Make sure to start with libname first.
· Input: /courses/ddbf9765ba27fe300/stocks.sas7bdat
output: work.stocks
libname dd '/courses/ddbf9765ba27fe300';
data work.stocks;
set dd.stocks;
run;
· Input: /courses/ddbf9765ba27fe300/C5_Cust_Ref.txt
Output: work.cust
filename cust '/courses/ddbf9765ba27fe300/C5_Cust_Ref.txt';
data work.cust;
infile cust truncover;
input ID $1-4 name $6-29 Address1 $31-50 Address2 $52-75;
run;
· Input: /courses/ddbf9765ba27fe300/balance.sas7bdat
output: work.balance
libname dd '/courses/ddbf9765ba27fe300';
data work.balance;
set dd.balance;
run;
· Input: sashelp.cars Note: sashelp is a system libref, you can use it directly.
Output: work.cars
data cars;
set sashelp.cars;
run;
· For this one, write code without run.
Input: c:\classdata\sasclass\stocks.sas7bdat
Output: c:\test\stocks_backup.sas7bdat
Libname outd 'c:\test';
Libname ind 'c:\classdata\sasclass';
Data outd.stocks_backup;
Set ind.stocks;
Run;
4. Run programs and fills in the blanks for the following.
a) run code, check log and fill in the blanks; Also run proc contents to compare.
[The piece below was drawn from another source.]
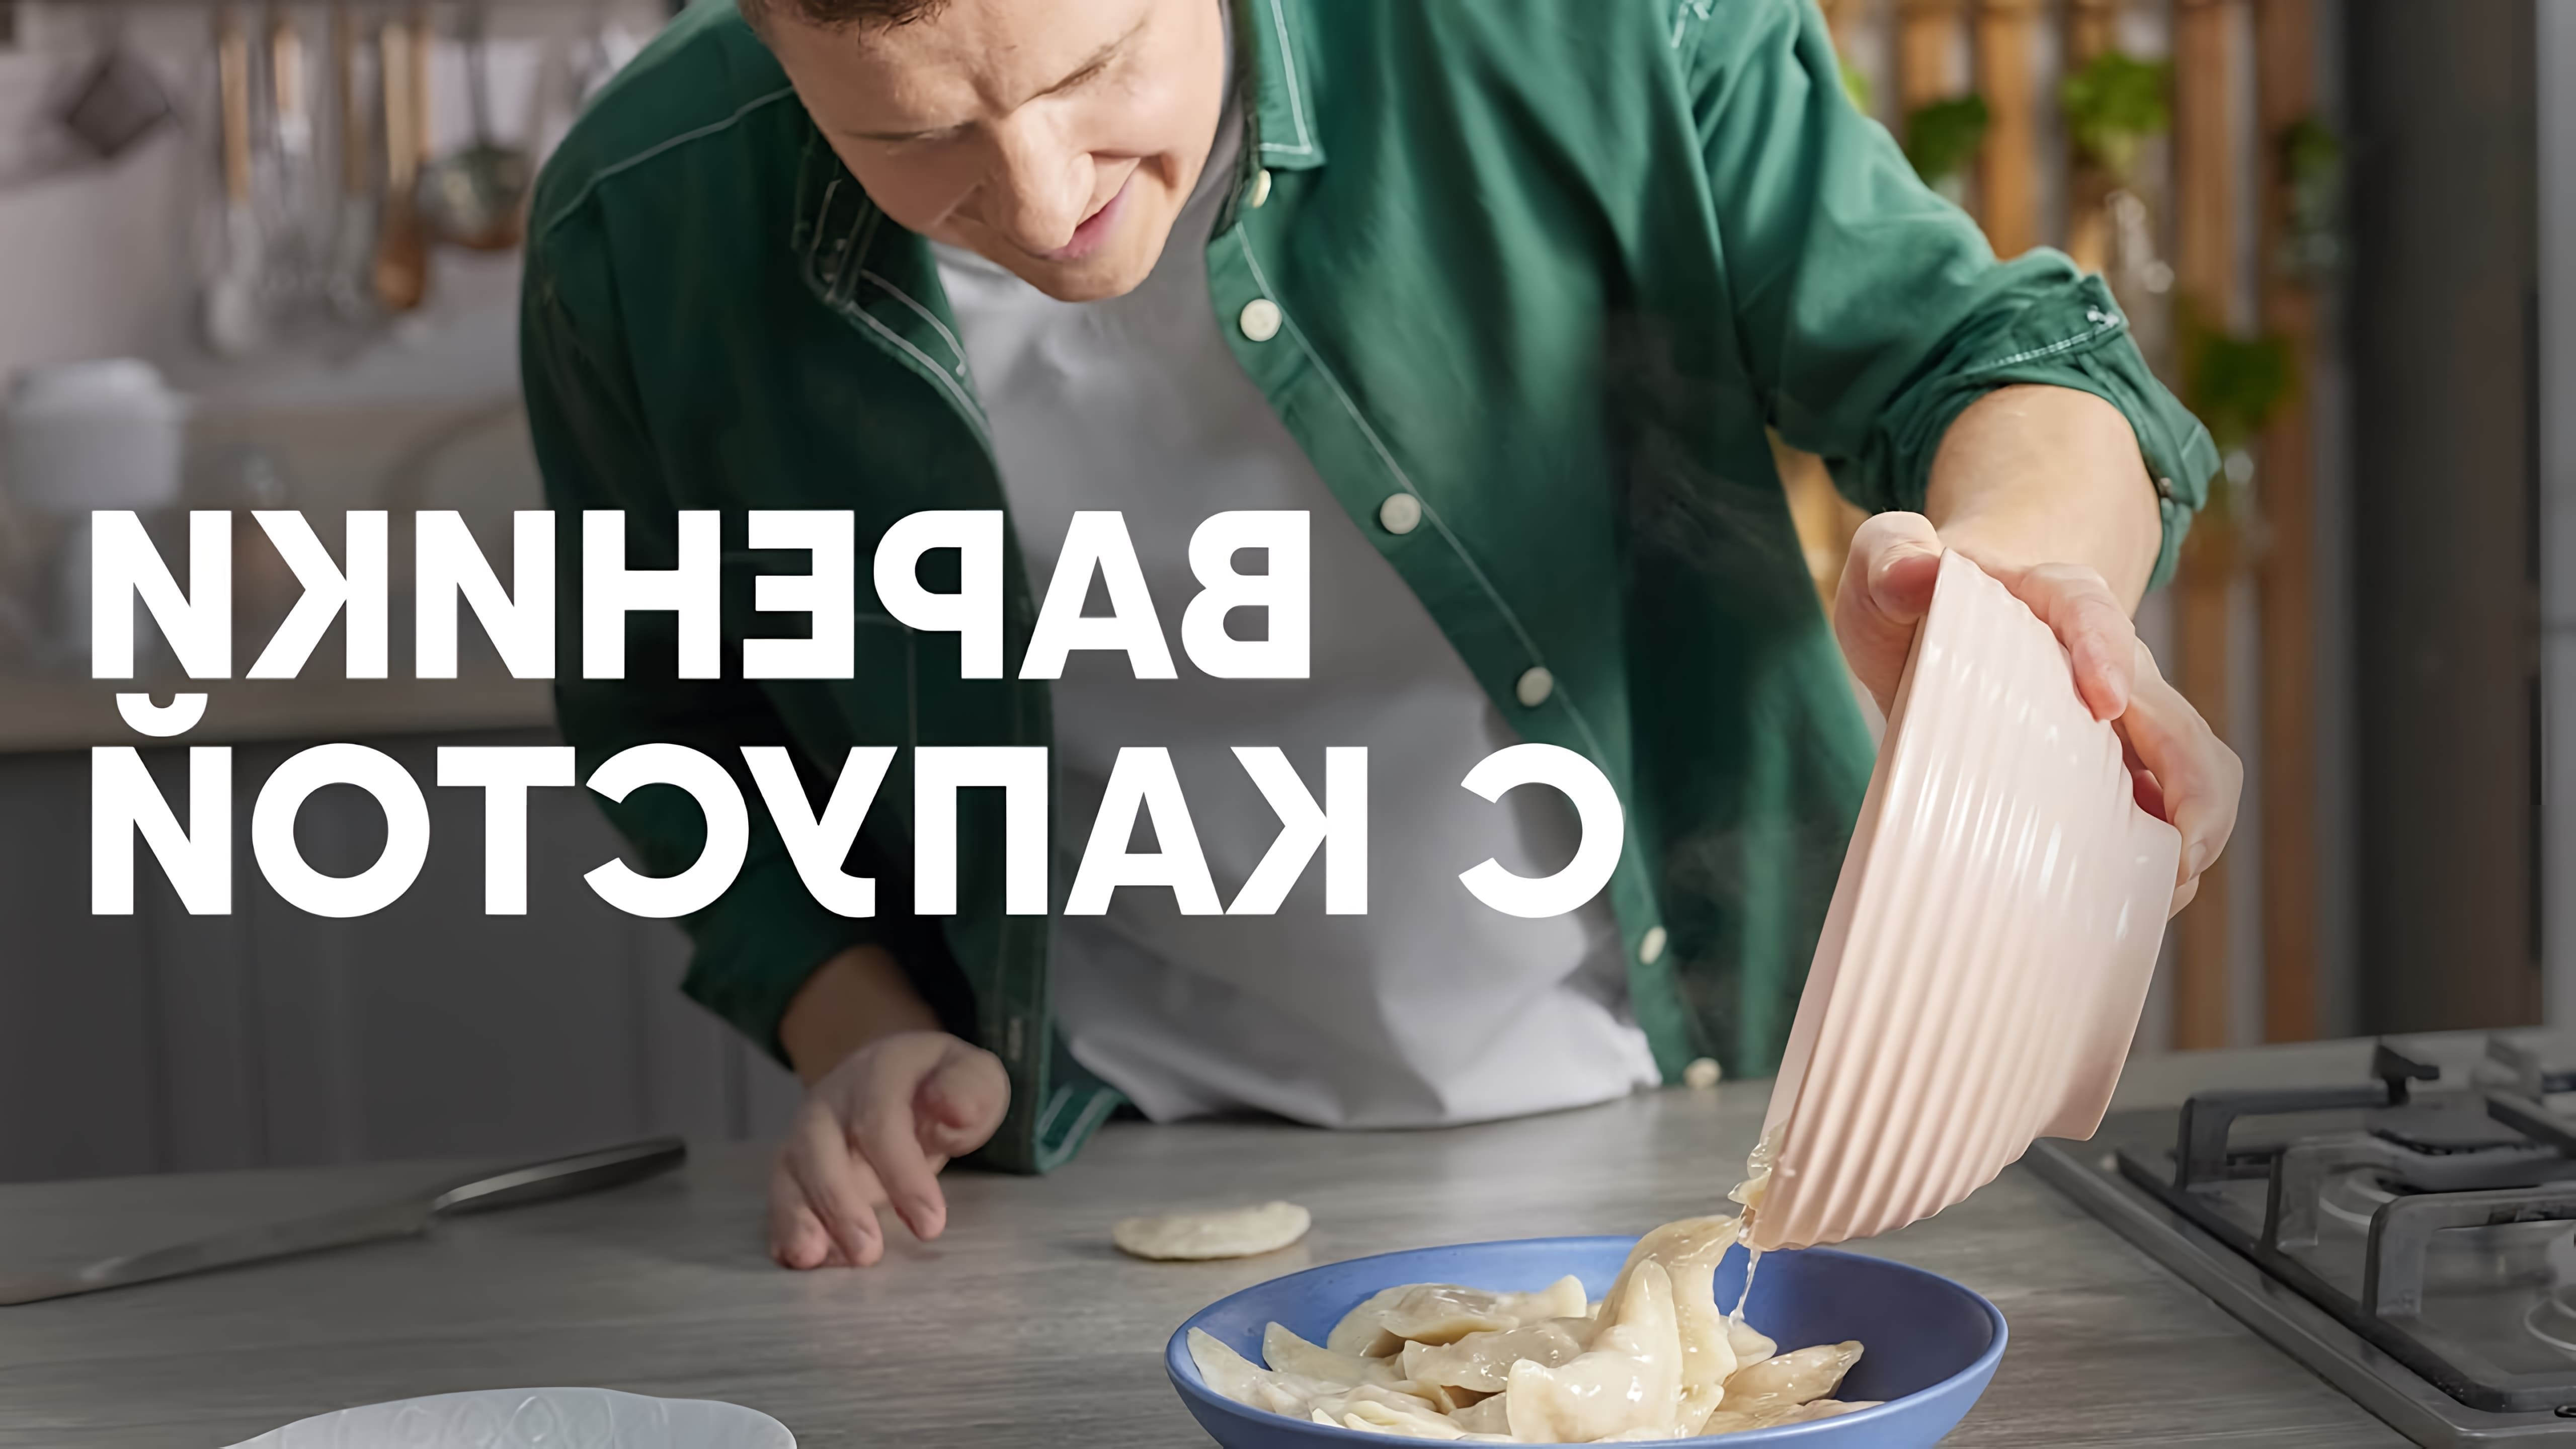 В этом видео шеф-повар Белькович показывает, как приготовить вареники с кислой капустой

data geoexm; * data geoexm has _9_ variables and _20699_ rows;
set sashelp.geoexm;
run;
proc contents data= sashelp.geoexm; run;
Observations / 20699Variables / 9
For questions bellow, don’t read log before fill in the blanks;
b)
data sample_1; * data sample_1 has _150_ observations;
set geoexm (obs=150);
run;
c)
data samp_2; * data sample_2 has _20490_ observations;
set geoexm (firstobs=210); * random dataset is created in question a);
run;
d)
data samp_3; * data sample_3 has __237__ observations;
set geoexm (firstobs=324 obs=560);
run;
e) *** don’t need to do this question. ;
data samp_4; * data sample_4 has approximately ______
observations;
set geoexm;
if rand<=0.10;
run;
5. Assume this is a large dataset. Very often, you only need a small part of the data for writing test code, or for specific analysis. That way, it is more efficient.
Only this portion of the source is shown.